Actual Knowledge or Participation
Much of the IRS's focus is on just how innocent you seem. You won't fare well if you were an active participant in the problems. Even if you meet the four requirements of innocent spouse relief, your request will not be granted if:

  • The IRS proves you and your spouse transferred assets to one another as part of a fraudulent scheme. A fraudulent scheme includes a scheme to defraud the IRS or a third-party, such as a creditor, ex-spouse, or business partner.
  • Your spouse transferred property to you to avoid paying tax.
  • The IRS proves that at the time you signed your joint return, you had actual knowledge or a reason to know of erroneous items that were allocable to your spouse. A reason to know exists when, based a variety of facts and circumstances considered by the IRS, a reasonable person in similar circumstances would have known of the erroneous item.

What's Fair?
There's a lot of attention paid to the relative equities and what looks fair. Under all the circumstances, is it inequitable to hold you liable for your spouse's tax problems? Here are some factors the IRS considers:

  • Are the taxes really attributable to your spouse or ex-spouse?
  • Are you still married to that spouse?
  • Did you believe your spouse would pay the taxes on the original return?
  • Did you know about the items changed in the audit?
  • Will you be able to pay for basic living expenses like food, shelter, and clothing (or otherwise face hardship) if you are required to pay the tax?
  • Did you significantly benefit (above normal support) from the unpaid taxes?
  • Did you suffer abuse during your marriage?

Timing and Relief
Timing matters too. If you want to claim innocent spouse relief you must "generally" (see below) do so within two years after the IRS first begins trying to collect a tax debt. That "first collection activity" might be an IRS notice of intent to levy. However, it also might be something more innocuous, like a notice from the IRS that offsets a refund from another tax year. You have to be mindful so you don't try to claim relief belatedly.

This issue of timing has become controversial. The statute itself seems to state the rule flatly, and the IRS regulations echo it. But the U.S. Tax Court has said the claims for equitable relief under Internal Revenue Code Section 6015(f)--a kind of subset of innocent spouse claims--are different, and not so constrained. (See Lantz v. Commissioner, 132 T.C. No. 8, April 7, 2009).

The IRS has gone on record to its attorneys (IRS Chief Counsel Notice CC-2009-012, April 17, 2009) instructing them to keep fighting this issue. That means there will probably be additional fisticuffs about timing and what claims are barred. Of course, if you want to be ruled "innocent," you're better off avoiding the timing fuss and complying with the two-year deadline if you can.

Tell It to the Judge
Finally, if the IRS doesn't see fit to grant you innocent spouse relief, you can go to the U.S. Tax Court. The IRS has long maintained that the courts are simply there to decide - in light of the facts presented to it - whether the IRS made a reasonable decision. But taxpayers have claimed, and the U.S. Tax Court agreed this year that it can take a fresh look at the case, based on facts that may not have been considered by the IRS. That could lead to more spouses getting relief.

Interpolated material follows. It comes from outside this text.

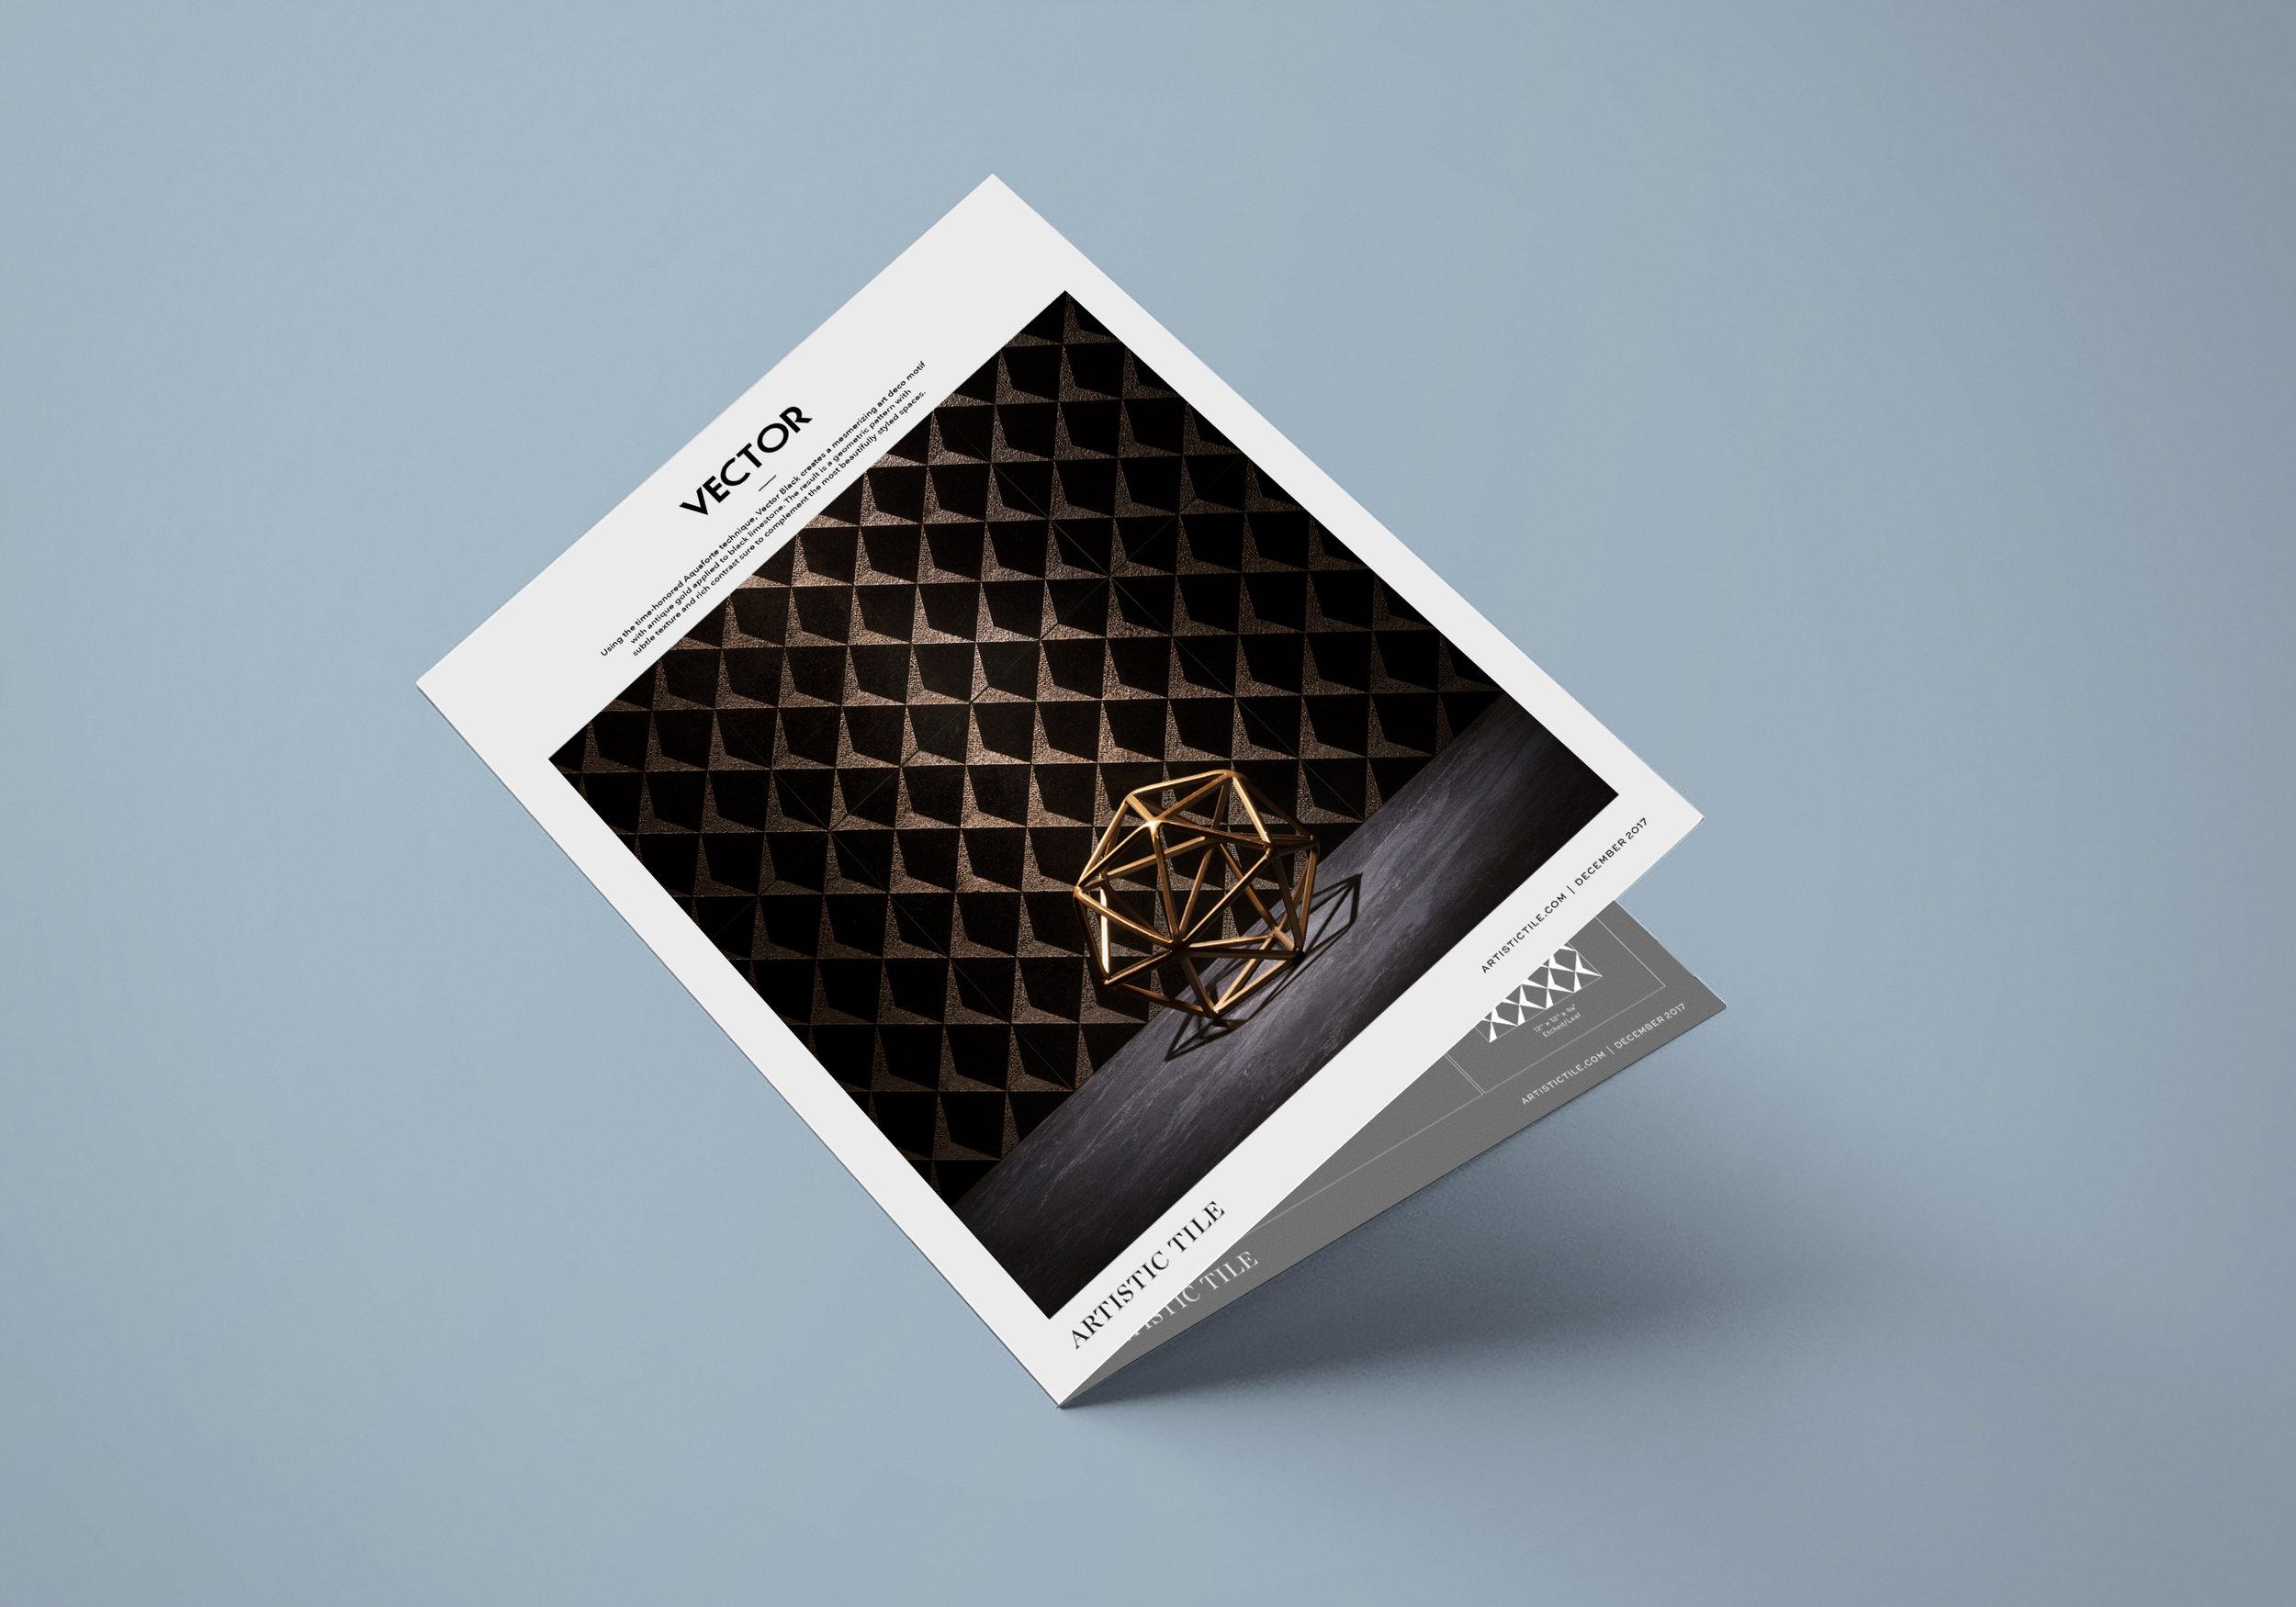 Lux Tile Product Literature

What sort of spouse does the court consider innocent? In one recent case, the Tax Court overruled the IRS and granted relief to a 70-year-old disabled and retired nurse who discovered only after his death that her husband of 38 years had left a financial mess. The husband, a lawyer, had handled all the family finances and had the back tax and other creditor bills sent directly to the U.S. Post Office, where he picked up the mail. In an effort to pay off the debts, she had sold off possessions and their long-time Iowa home and moved into a trailer. Collecting more of the debt from her, the court concluded, would be an unfair economic hardship.

You may be able to get innocent spouse relief based on less compelling facts, but you should be aware that the standards are pretty high.